** Opening Given material block **

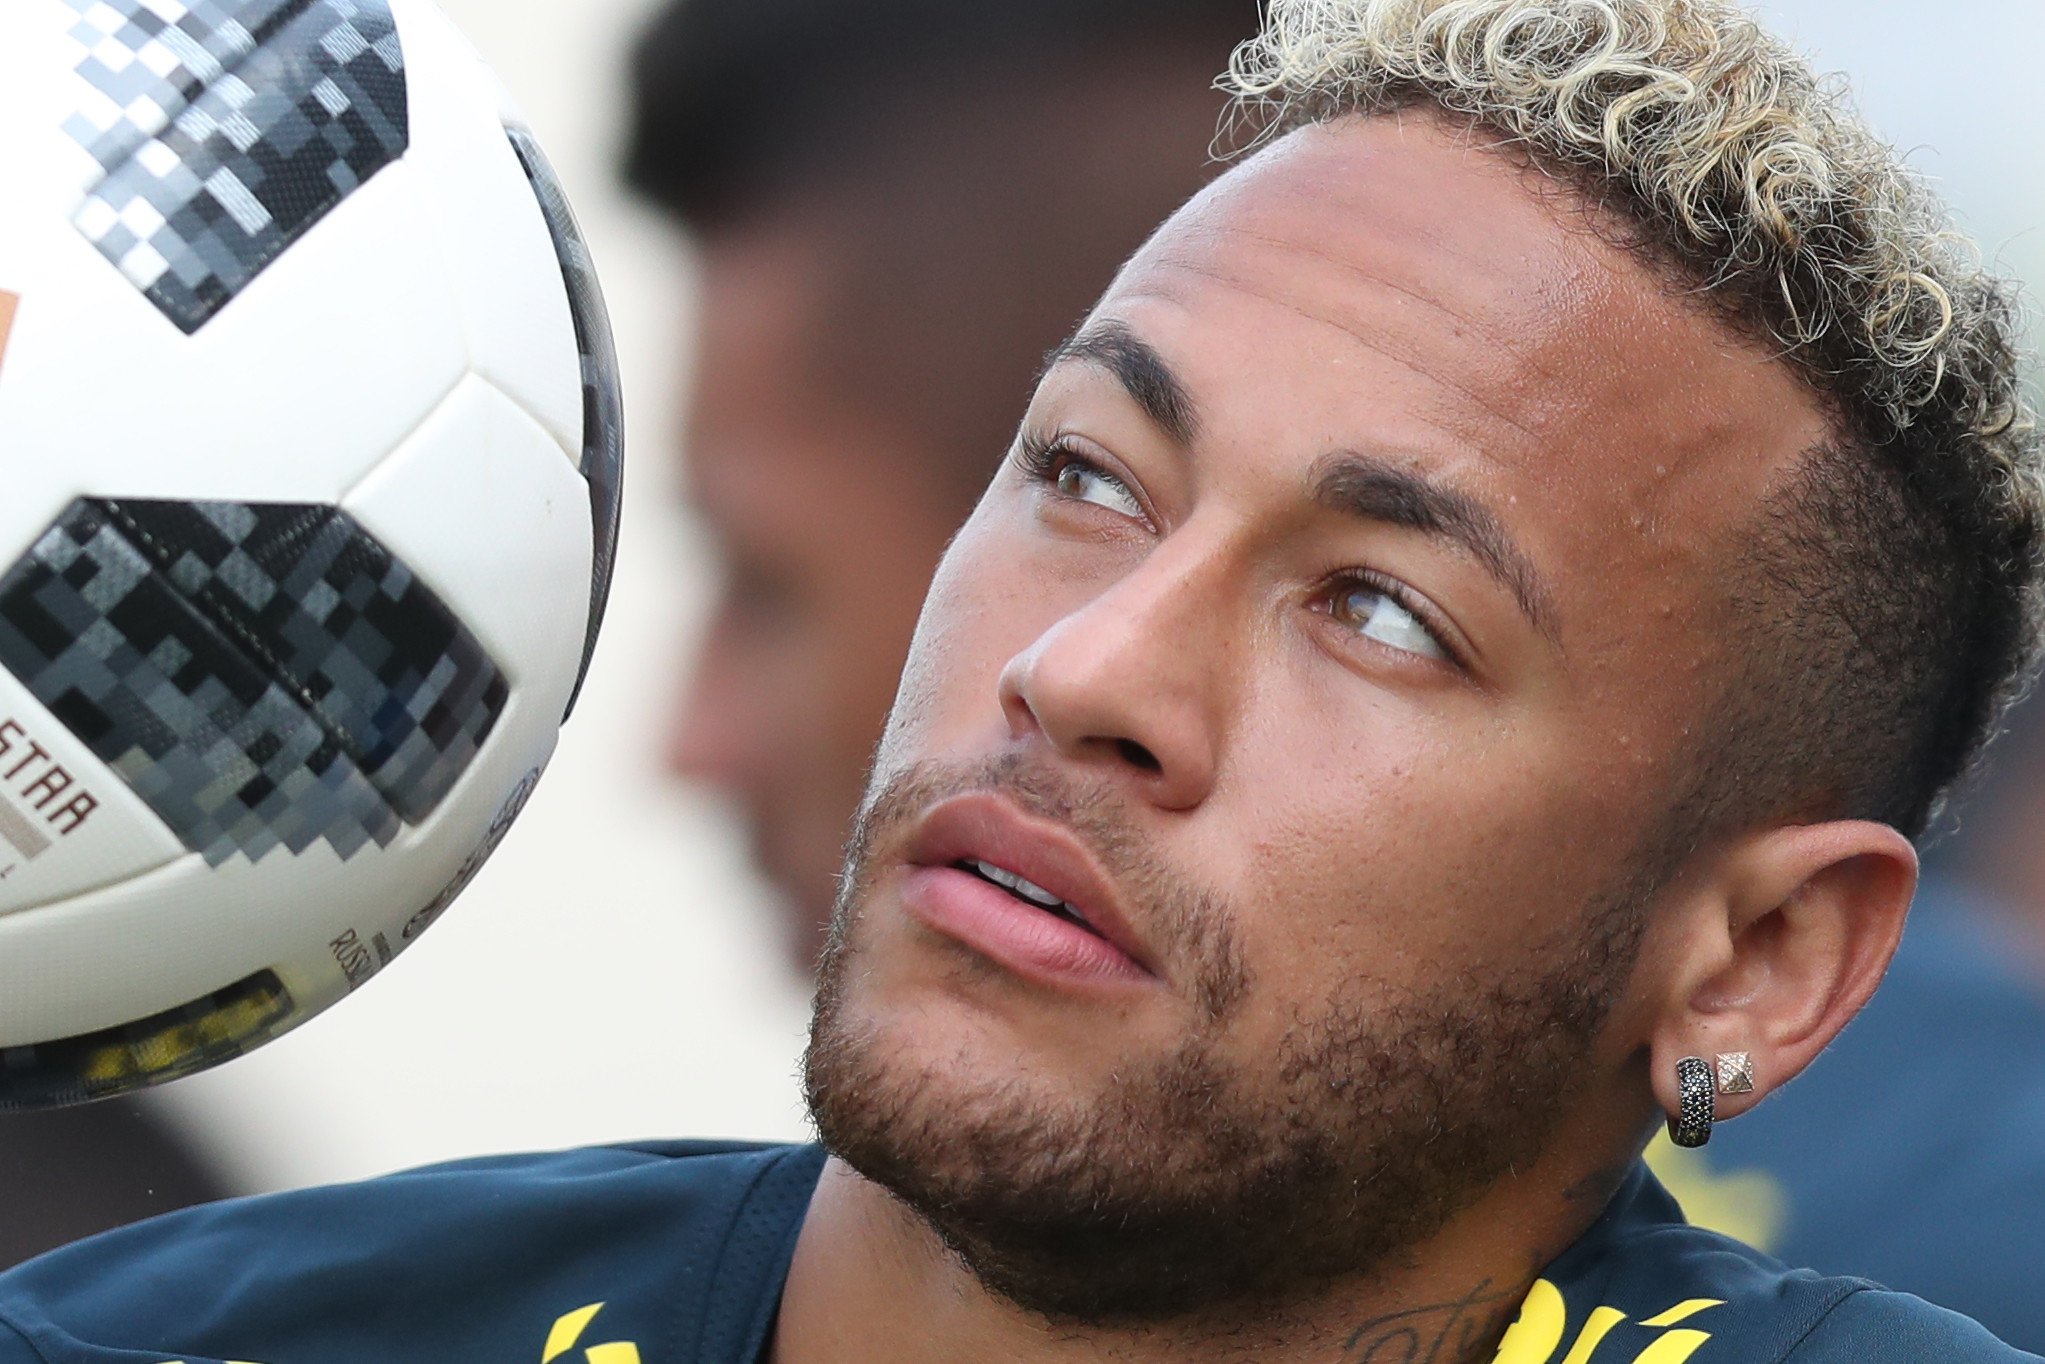 Mi casa, su casa: Neymar leva Seleção ao Parque dos Príncipes em
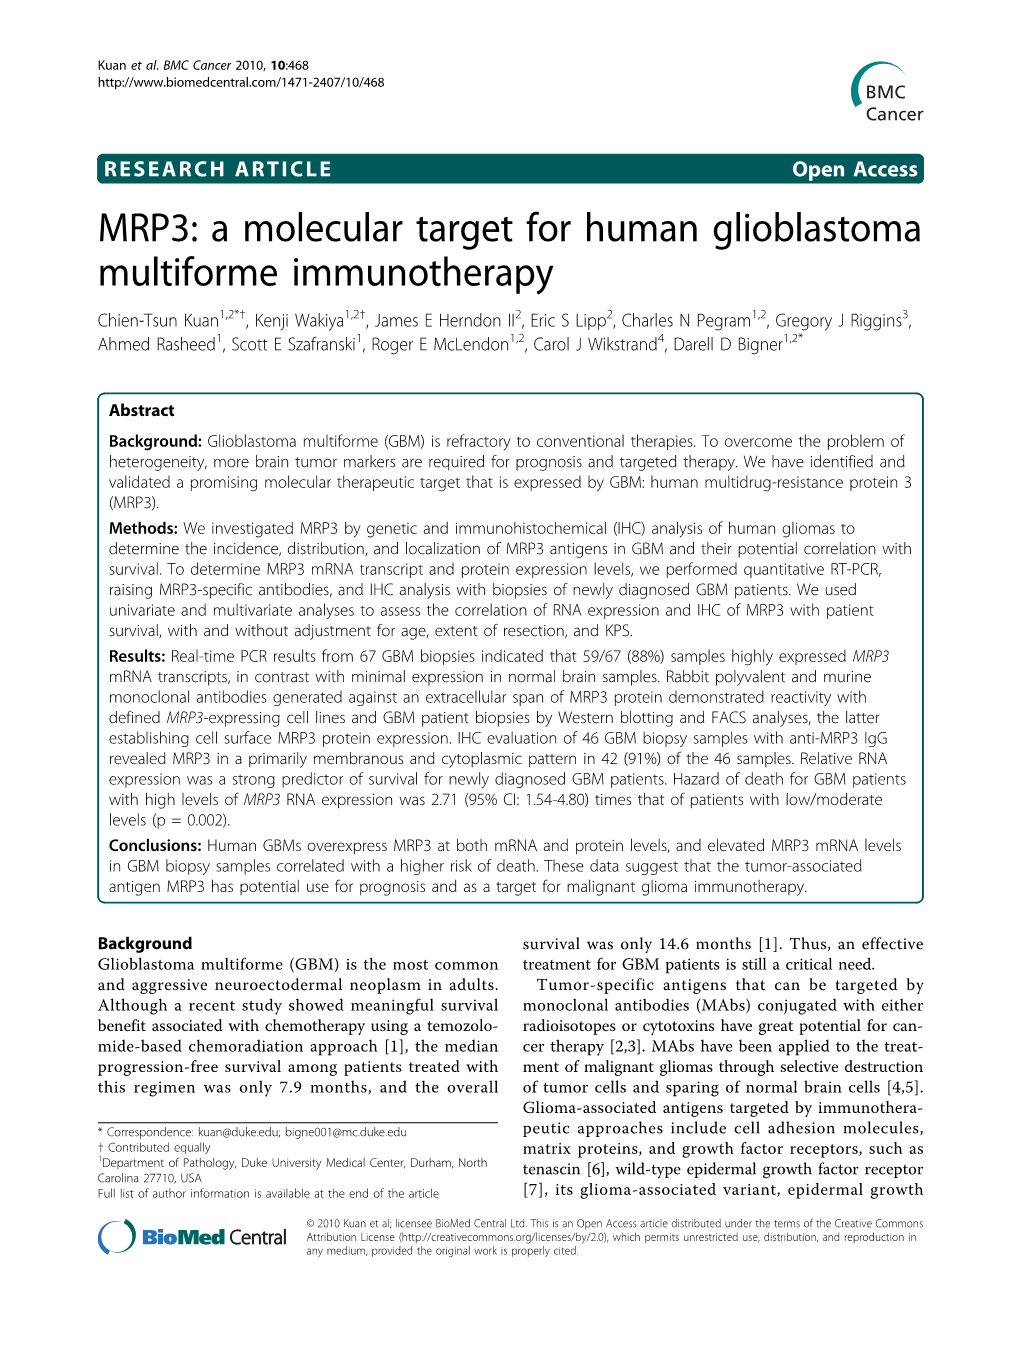 A Molecular Target for Human Glioblastoma
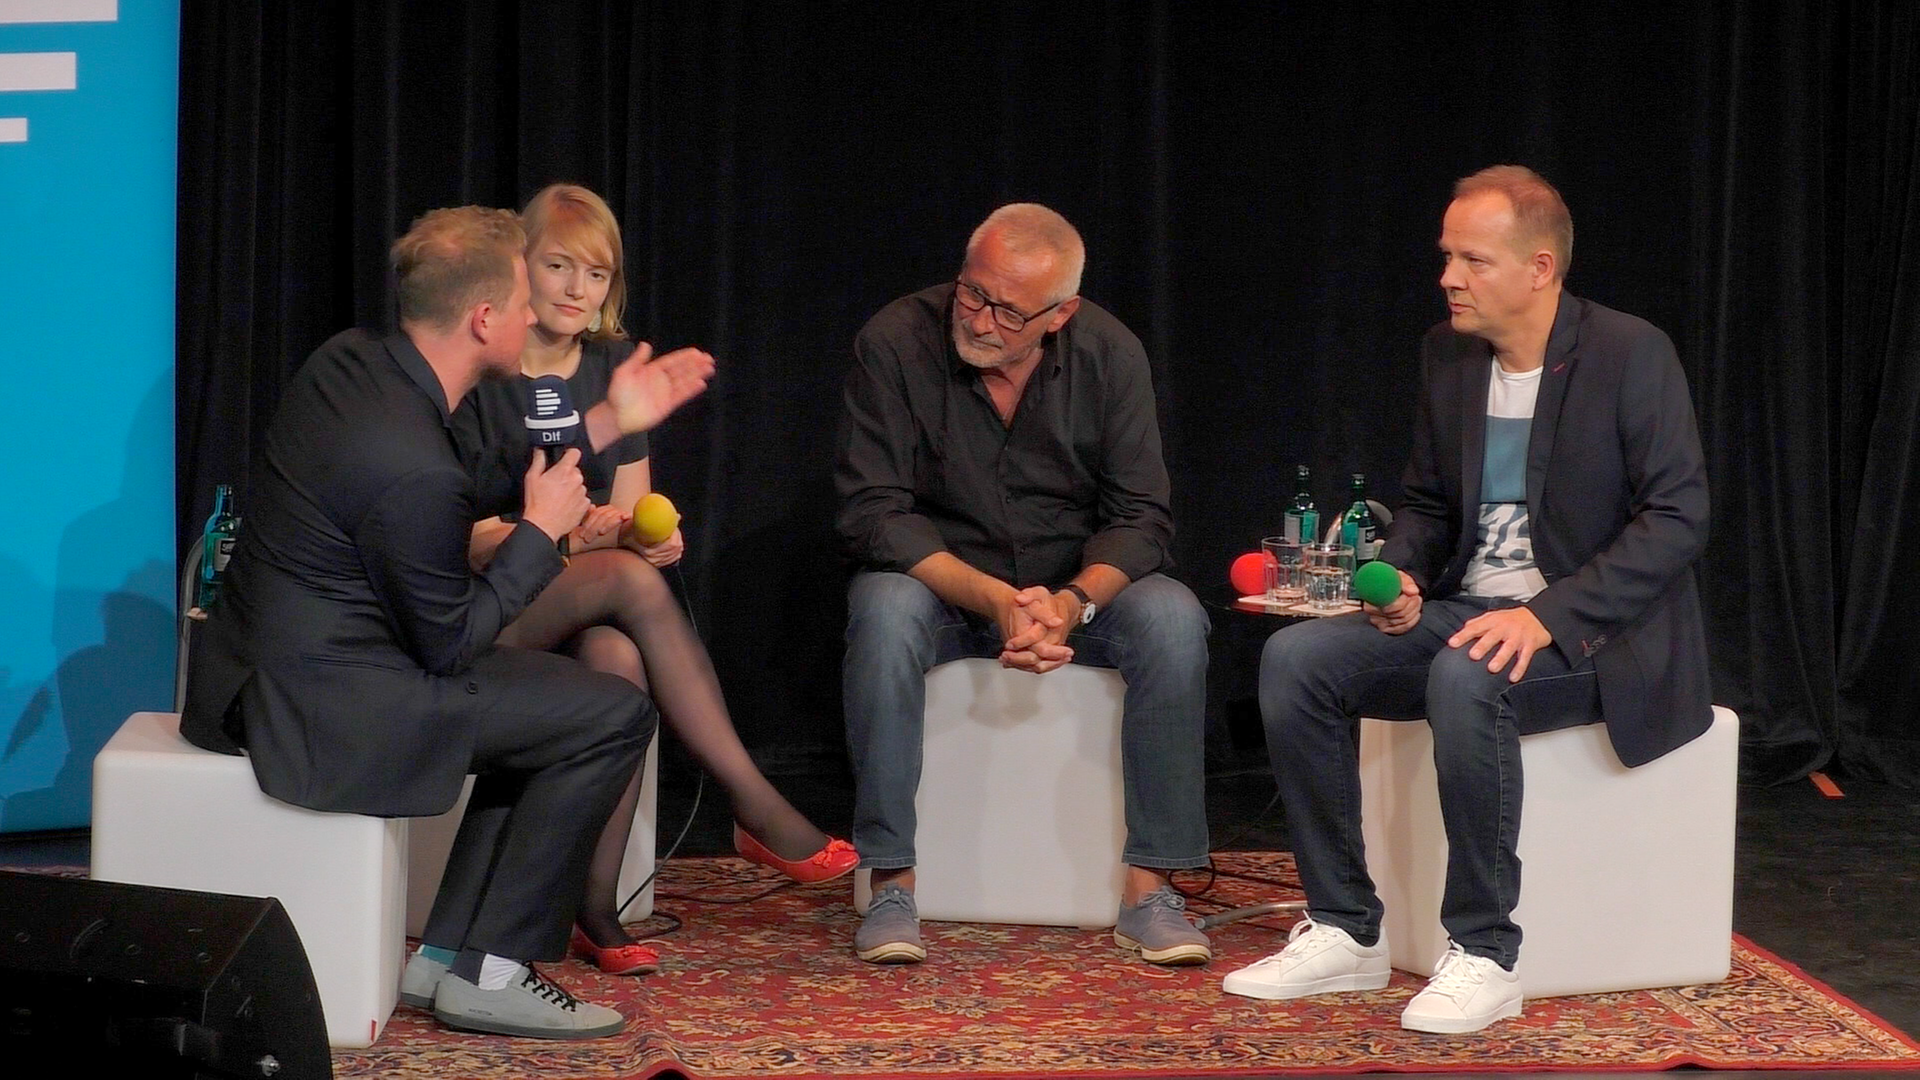 Martin Zingsheim mit seinen Gästen Ria Schröder, Konstantin Wecker und Thomas Schreckenberger

** Closing Given material block **

Could you retype every line above exactly as it appears, skipping the pictures?

→ Task output
 Mi casa, su casa: Neymar leva Seleção ao Parque dos Príncipes em
 A Molecular Target for Human Glioblastoma
 Martin Zingsheim mit seinen Gästen Ria Schröder, Konstantin Wecker und Thomas Schreckenberger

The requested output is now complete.